TeeMassive 4 years ago

> Pearson and other correlation coefficients are linear, O(n), sorting would incur logiarithmic multiplier O(NlogN). Thus, it is not computationally efficient.

That doesn't seem a deal breaker to me. Sure if you're dealing with billions of data entries it will be 9 times slower, but throwing 9 times more computational power to solve a problem is far from something unheard of nowadays.

estomagordo 4 years ago
I guess more like 30 times slower. Consider mergesort and quicksort, which both (aim to) halve the search space with every iteration. There is a log2 amount of steps. 2 is our base. And yes, base 2 and base 10 logarithms will always be within a constant factor of one another, but seeing as we _are_ talking about constant factors here to begin with...
- asQuirreL 4 years ago
  
  If we are talking about billions of entries, even of just 32bit integers, we are talking about 4GB of data, your sort is probably going to be IO dominated, not CPU (comparison) dominated. In which case you'd likely use a sorted data structure with a much higher branching factor than 2 (like a B-tree or LSM tree).
  Take the B-tree example, with 4KB pages, you can fit 1000 integers in there for a branching factor of 500, and a performance multiplier of just over 3.
tromp 4 years ago

> it will be 9 times slower
Closer to 30 times slower, as the logarithm in sorting complexity is a binary rather than decimal one.

asxd 4 years ago

Out of curiosity, why do you think having a good random number generator is problematic? It seems like it's easy enough to access one in most situations.

thesz 4 years ago
Yes, exactly. There are so many to choose from. ;)
There are several discussions here in HN about PRNGs of different kinds and people still want to invent new ones. Why? Because old ones do not satisfy them in full.
Returning to the problem at hand. How many consecutive ties do we expect?
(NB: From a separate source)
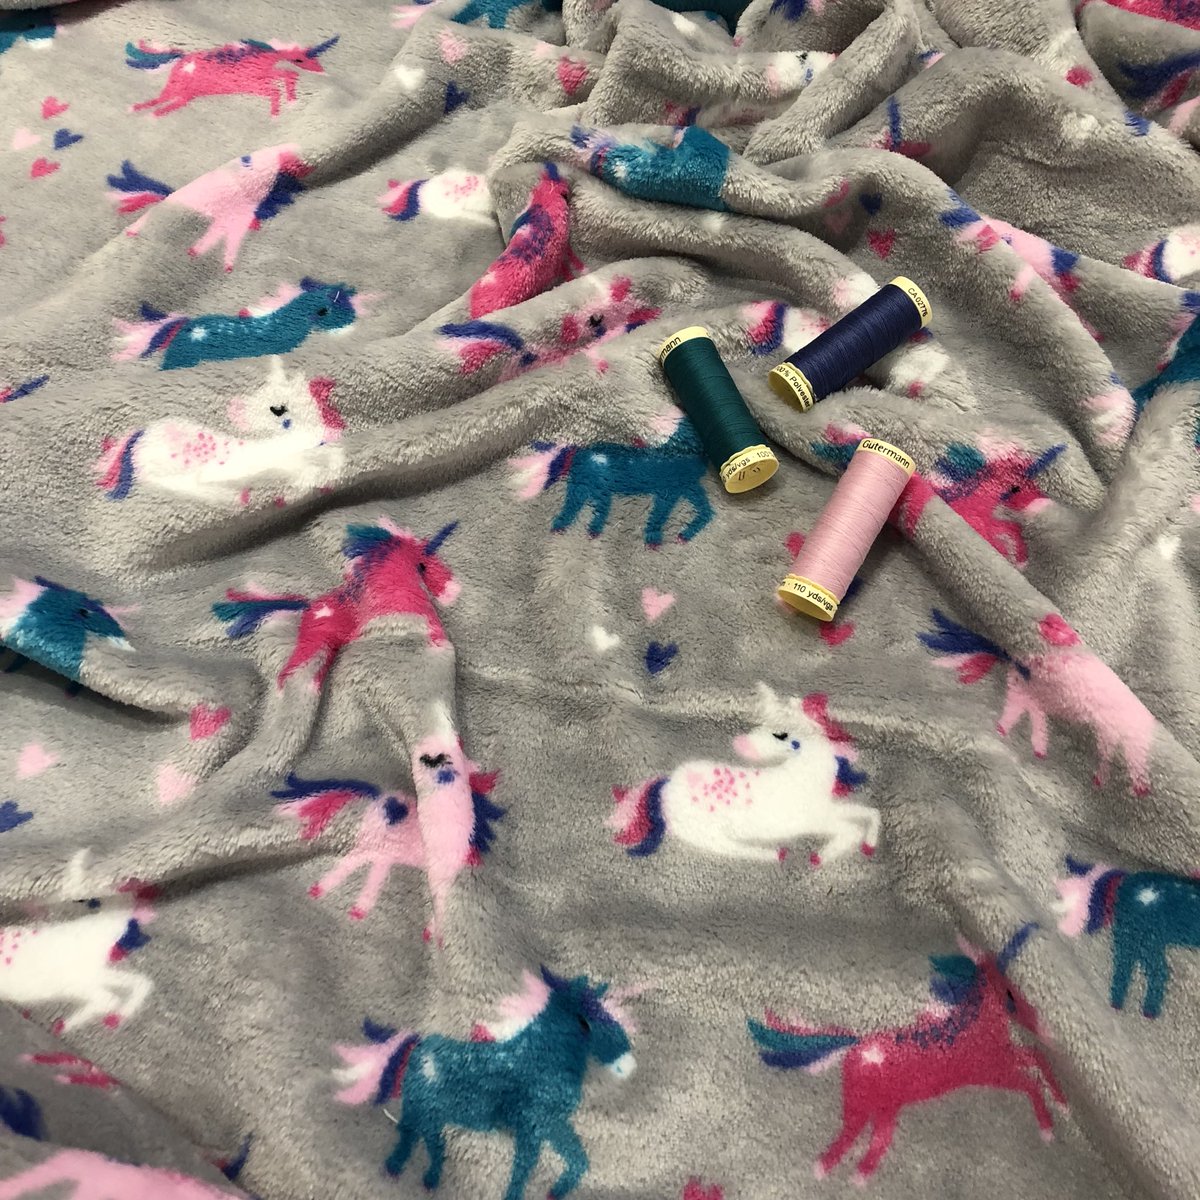 Our new unicorn cuddle fleece is very appropriate as we count down to Sew Saturday this weekend. Don’t think the fabric will be in stock for long 🦄 @SewHQ #sewsaturday 
#cuddlefleece #fleece #handmade #fabric #fleeceblanket #throw #sewing #bedthrow #quilt #babyblanket #fabrics

This would helps us to define how many bits should we extract from state - for N expected consecutive ties we should extract 2log_2(N) bits or more (birthday paradox). For 64K ties we need 32 bits, which is fair amount of state, 1/8 of typical PRNG discussed here.
Most PRNGs are splittable and this also brings the question "how does splitting affect bits generated?" Will these bits be correlated between splitted generators?
I definitely do not want correlation coefficient computation that produces close results for provably different sets due to correlation between tie-breaked sections filled with random numbers.
- ykonstant 4 years ago
  
  > Yes, exactly. There are so many to choose from. ;)
  Just use a good PRNG to pick one of them :D
medo-bear 4 years ago
how do you sample from an arbitrary probability distribution? it is not a trivial problem at all
- kortex 4 years ago
  
  Why do you need an arbitrary distribution? We are talking about breaking ties, just use uniform. You can probably just use RDRAND.
  
  3 replies →
- asxd 4 years ago
  
  I guess I assumed the operative word was "good". The term "random number generator" almost always refers to a generator that intends to produce a uniform distribution.
- Hendrikto 4 years ago
  
  If you can sample from a uniform distribution, it is trivial to turn that into any arbitrary distribution.

eutectic 4 years ago

You don't have to use sorting networks; to differentiate (or get a subgradient, anyway) a sorted list you just pass the derivative back to the original index, so you can use any sorting algorithm as long as you keep track of the permutation. You could even use radix sort.

Also, I would say that random number generation is a well-solved problem.

petters 4 years ago

> Finally, if you want to have differentiable version of this correlation coefficient

Could you expand a little bit more on how to differentiate this coefficient? Since it is only based on ranks, it feels very non-differentiable.